PERIPÉCIAS DE UM ABADE


Ainda nos bons sebos europeus pode-se encontrar uma monumental obra intitulada História da Igreja, de autoria do abade François-Timoléon de Choisy (1644-1724), que foi decano da Academia Francesa, à qual integrou por longos 38 anos. São onze volumes de múltiplos detalhes históricos, elucidativos por excelência para quem deseja esmiuçar os ontens da institutição mais poderosa de toda a história da Humanidade.
Com o Abade de Choisy, sua trajetória existencial foi repleta de altos e baixos, salpicos e suspiros, solidões e muito boas companhias, além de duas outras facetas inesquecíveis: a de vestir-se de mulher para abrir porteiras de ovelhas desatentas ou desejosas e uma impulsão irrefreável para os jogos de azar, nos quais perdeu toda a herança dos seus antepassados.
Sentindo chegada sua fase mística, o Abade Choisy efetivou uma viagem de sete meses em direção da Tailândia, onde integrou uma missão diplomática enviada pelo rei Luís XIV, que à época nadava em ouro, prata e riquezas mil. O Abade ainda aprendeu falar português com bastante fluência para os padrões da época, posto que era a língua mais falada no Oriente.
A editora Rocco, mês passado, através de uma tradução cinco estrelas de Leonardo Fróes, tradutor premiado pela Biblioteca Nacional e pela Academia Brasileira de Letras, também laureado com o prêmio Jabuti (Poesia, 1966), traz ao público brasileiro as peripécias do Abade de Choisy vestido de mulher e com identidade feminina, por ele contadas, um estrategista dezoito quilates em promover suas aproximações fantasiadas de mulher com mocinhas ingênuas, objetivando relações carnais mais estreitas, num primoroso billau approach, utilizando aqui a terminologia marqueteira do momento.
O título do livro é por demais convidativo: Memórias do Abade de Choisy vestido de mulher. Com um posfácio do laureado Leonardo Fróes, onde se especula que o Abade do pirulito pra lá de ativo tenha perpetrado suas confidências por volta de 1720, aos 76 anos, quando também escrevia os dois últimos volumes de sua História da Igreja. Com sagacidade, o Abade dava uma no cravo e outra na ferradura, está última já não tão férrea quanto em épocas mais viris.
O Abade de Choisy, personagem da História da França que se valia da tática do pinto adormecido, nasceu em Paris em agosto de 1644, seus pais sendo funcionários da família real.

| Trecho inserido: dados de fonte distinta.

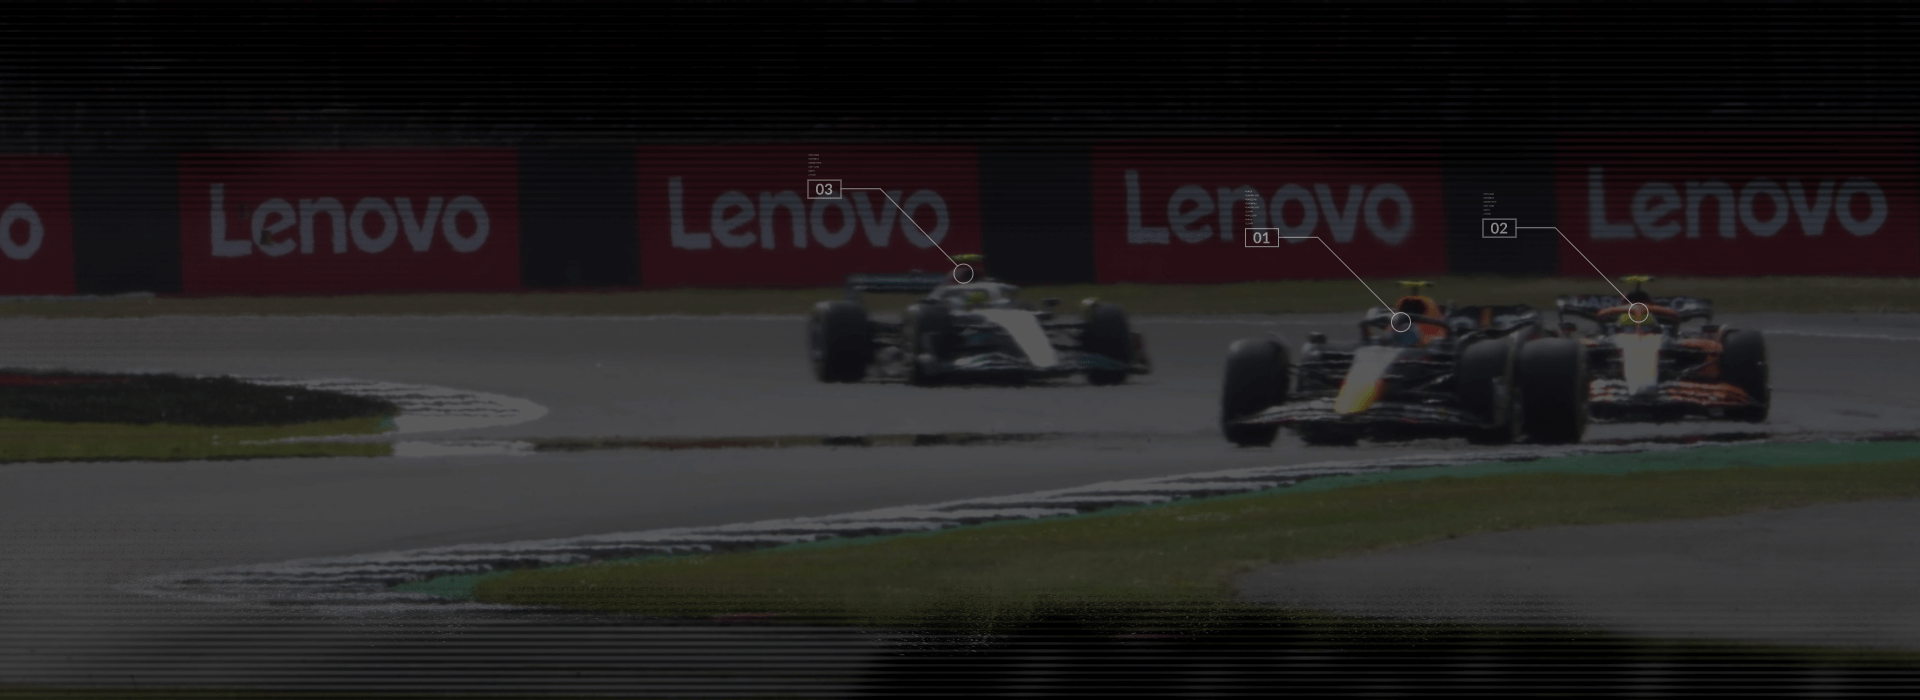 3 voitures F1 sur une piste de course avec bannières Lenovo en arrière-plan

Em setembro de 1640 viera ao mundo Felipe d’Orleans, seu amigo de infância, o irmão de Luís XIV, também submetido a um processo de feminização deliberada, para que se tornassem “amiguinhas íntimas”, jamais sentindo atração pelo poder real, este destinado para os que sabiam pelejar sob paus e pedras.
Com apenas 19 anos, o biografado é nomeado abade de Saint-Seine, um velho mosteiro beneditino situado nas cercanias de Lyon, muito embora desde um ano antes recebia pensão de seis mil libras do arcebispado de Auch, na condição de clérigo da diocese de Paris. Três anos depois, Timoléon conclui o curso de teologia da Sorbonne e dá uma escapadinha até Bordeaux para participar de uma peça teatral, onde fazia o papel de uma donzela, onde, dizem, aconteceu sua pós-graduação lúbrica.

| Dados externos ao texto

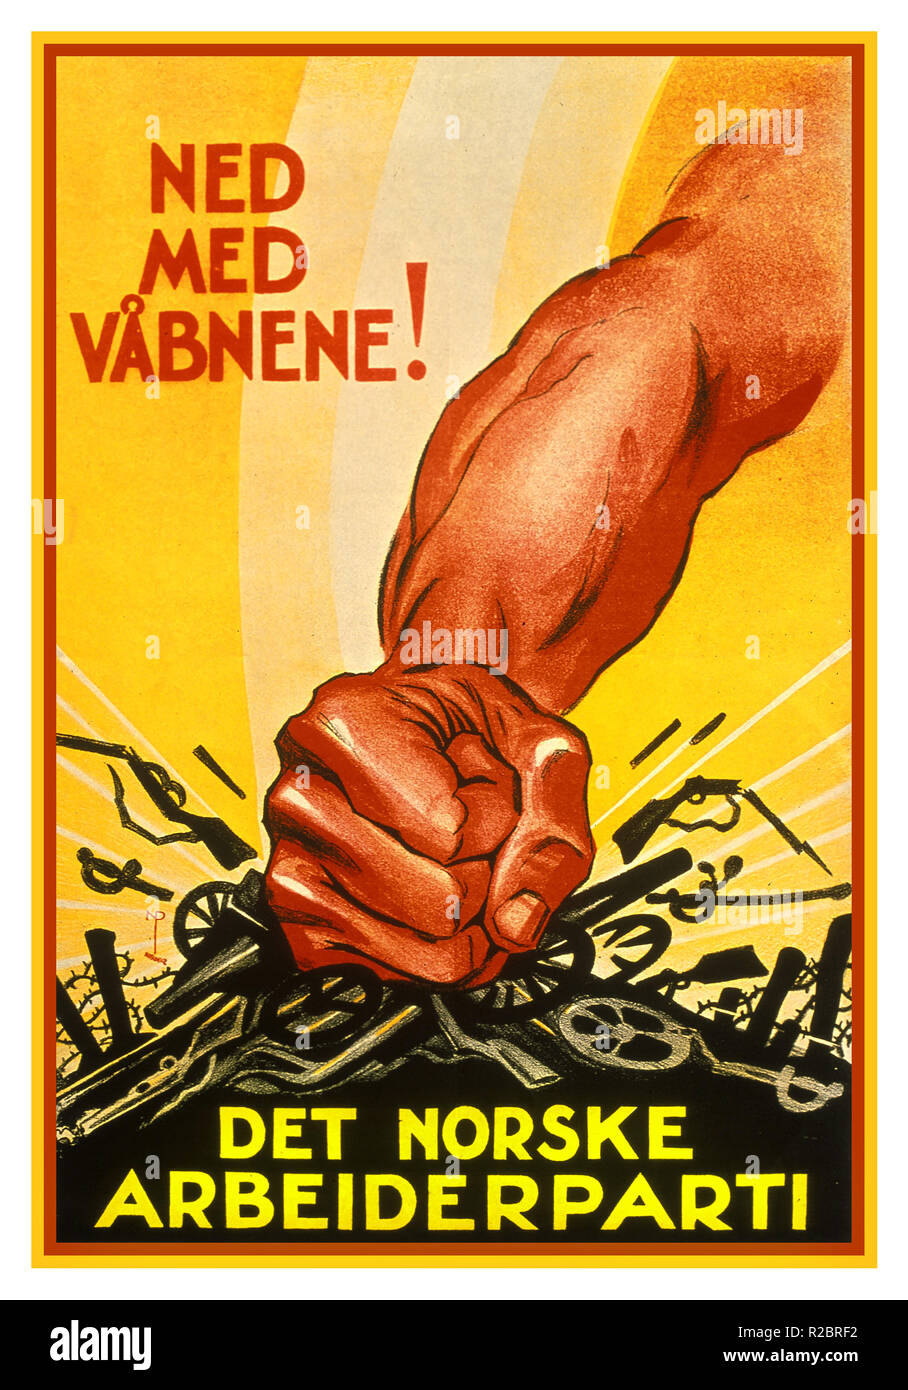 Vintage norvegese poster di propaganda degli anni trenta 'Dproprio con bracci' (NED MED VABNENE!) Det Norske Arbeiderparti 'Il norvegese del partito laburista' Foto Stock

Com nome de madame des Barres adquire, em 1670, o castelo de Crespon, na periferia de Bourges, acontecendo ali, entre junho e julho, os seus torneios de esfrega-esfrega com a mademoiselle de La Grise, uma das mais famosas campeãs de entre-e-sai da região. Volta a se vestir de mulher no faubourg (subúrbio) de Sain-Marceau, assumindo-se como madame de Sancy, sendo nomeado, em 1675, prior da freguesia de Saint-Lô, em Rouen.
Em 1676, o Abade conhece pessoalmente Inocêncio XI, um papa que o povo muito amava porque trabalhava pelos pobres, eliminou o deficit do Vaticano e extirpou o nepotismo, sempre preocupado com a pureza da fé e a moral na Igreja. E em 1687 é eleito para a Academia Francesa de Letras, morrendo em Paris,em 1724, como decano da Academia Francesa.

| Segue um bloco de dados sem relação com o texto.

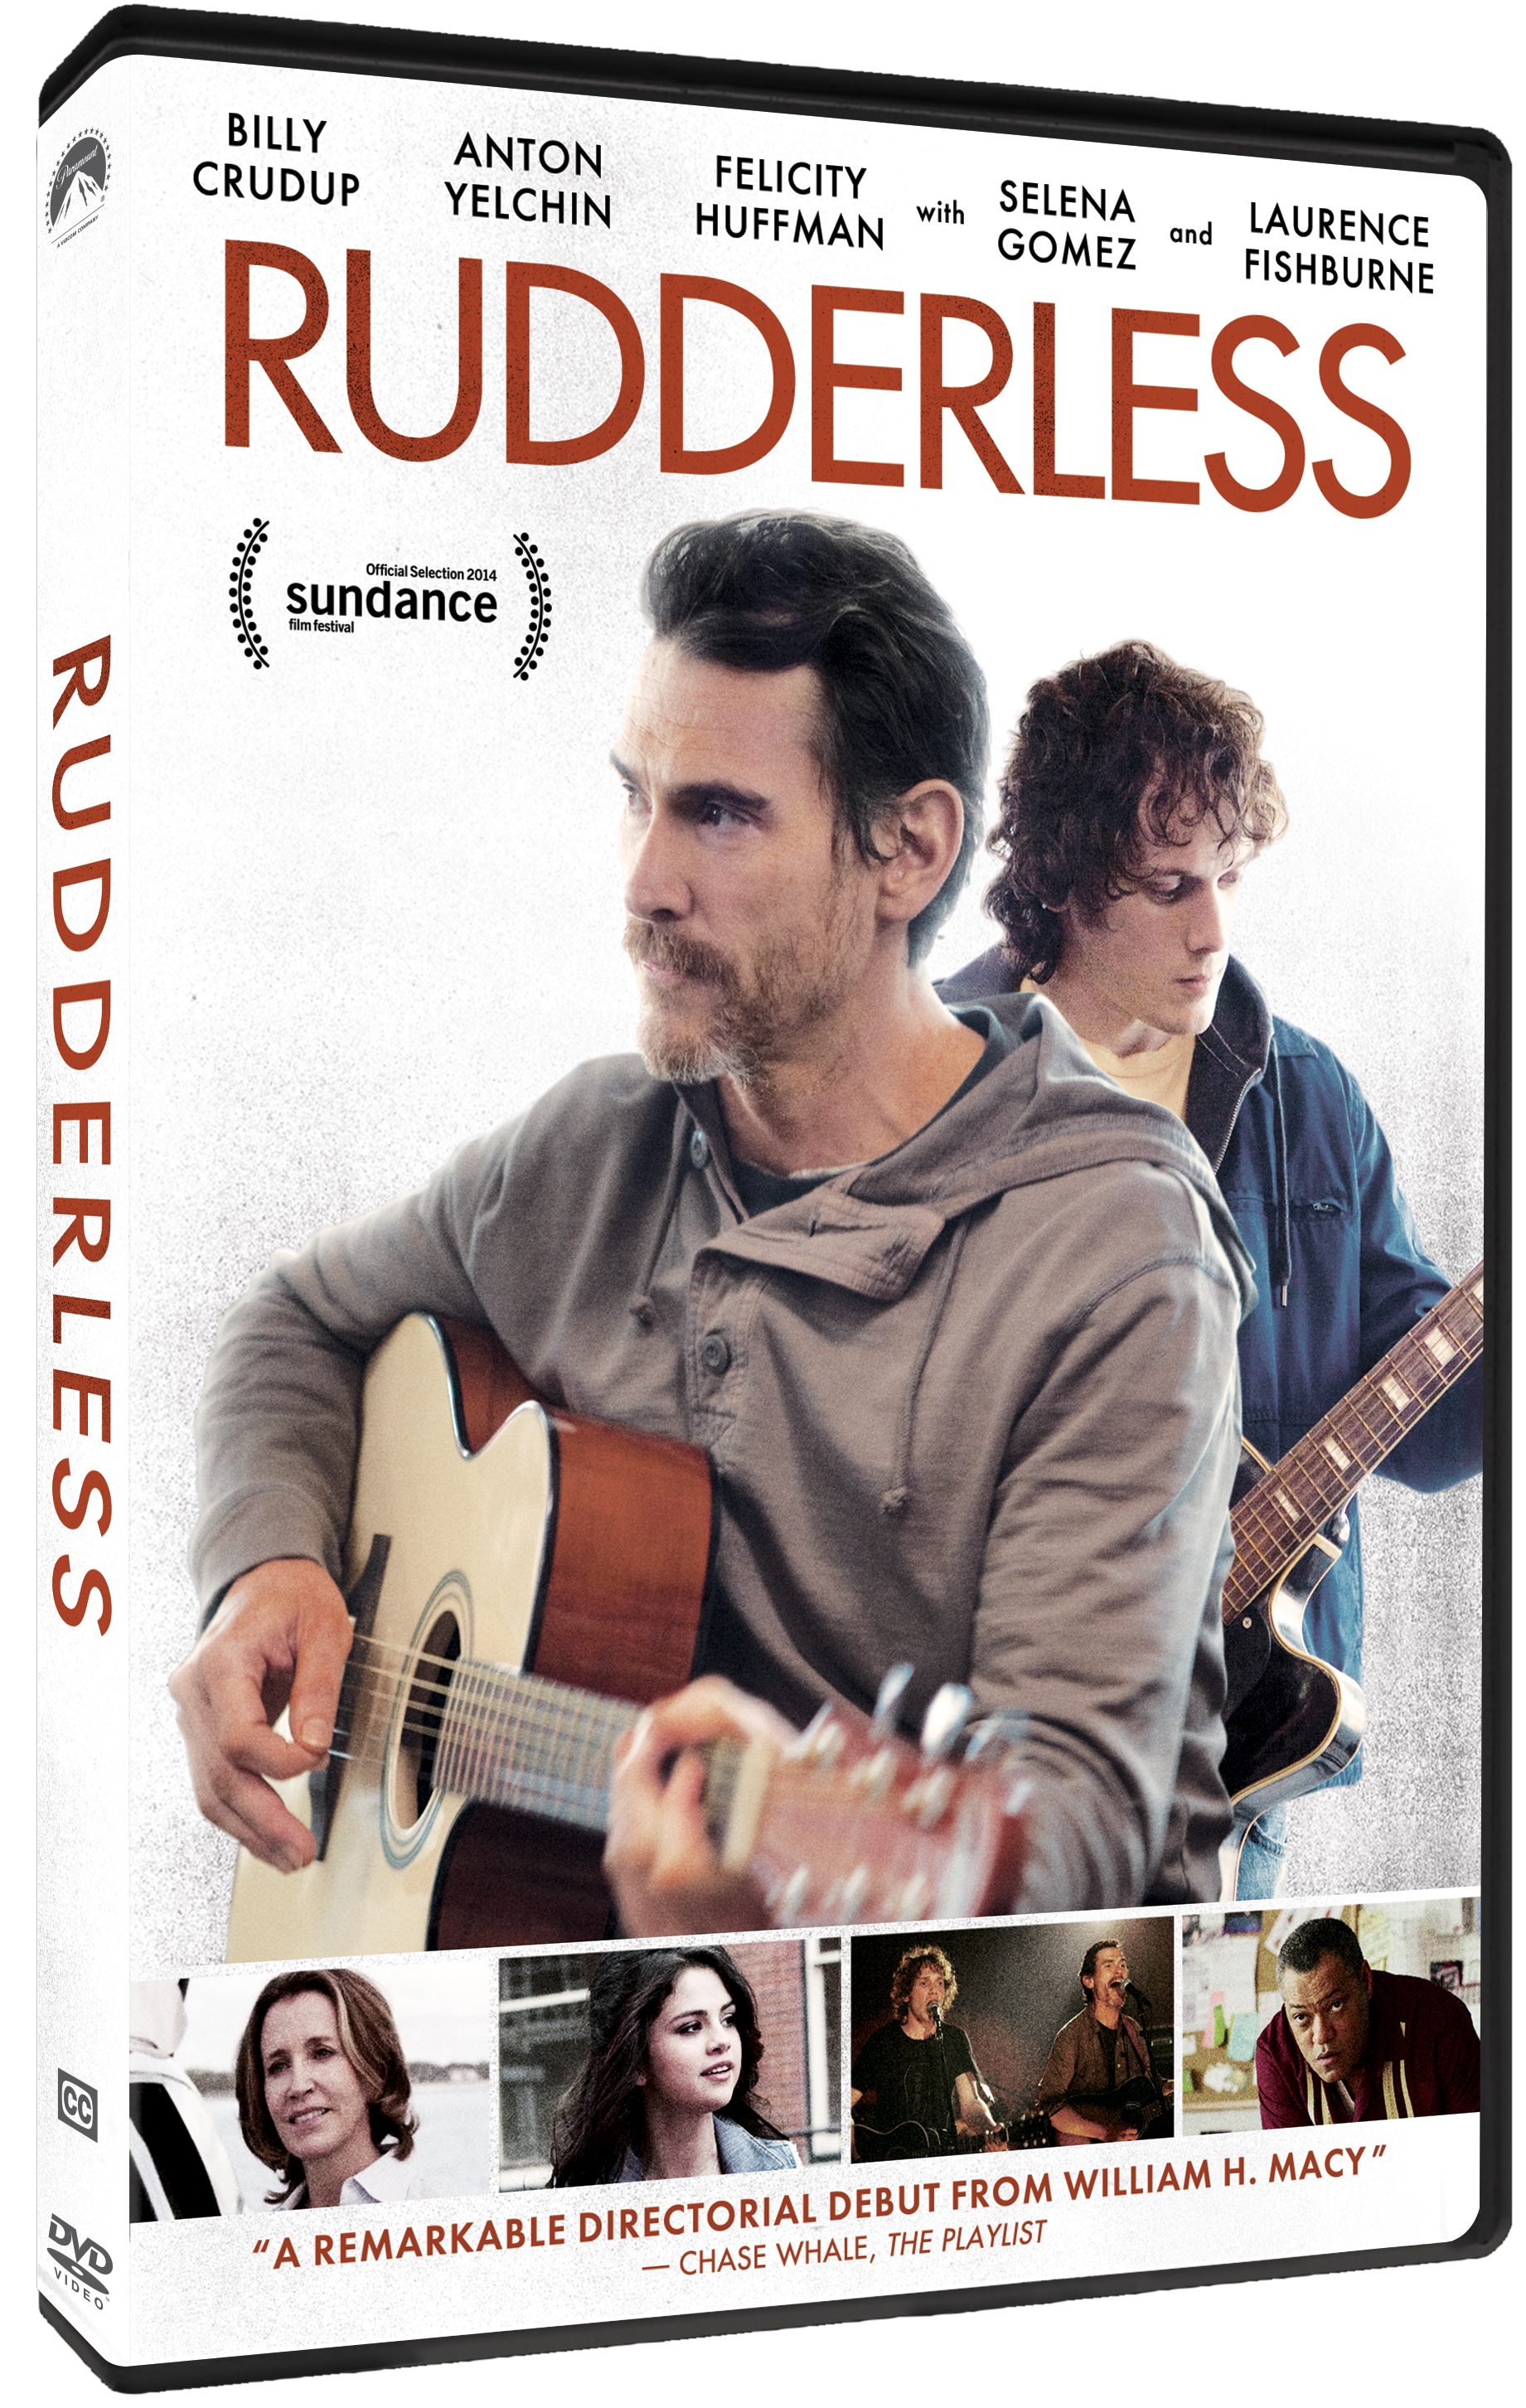 Rudderless DVD Review

No livro, confissões enigmáticas: “o jogo, que sempre me perseguiu, curou-me dessa frivolidade por vários anos; mas todas as vezes que me arruinei e quis deixar o jogo, recaí nas minhas velhas fraquezas e voltei a ser mulher”. Diziam, por aquelas bandas, que o jogo preferido do Abade era buraco…
Vale a pena ler o livro do Abade de Choisy para compreender mais densamente porque Dom Hélder Câmara sempre proclamava que a Igreja era santa e pecadora. Com seus padres abnegados, abades meninas e bispos psicopatas.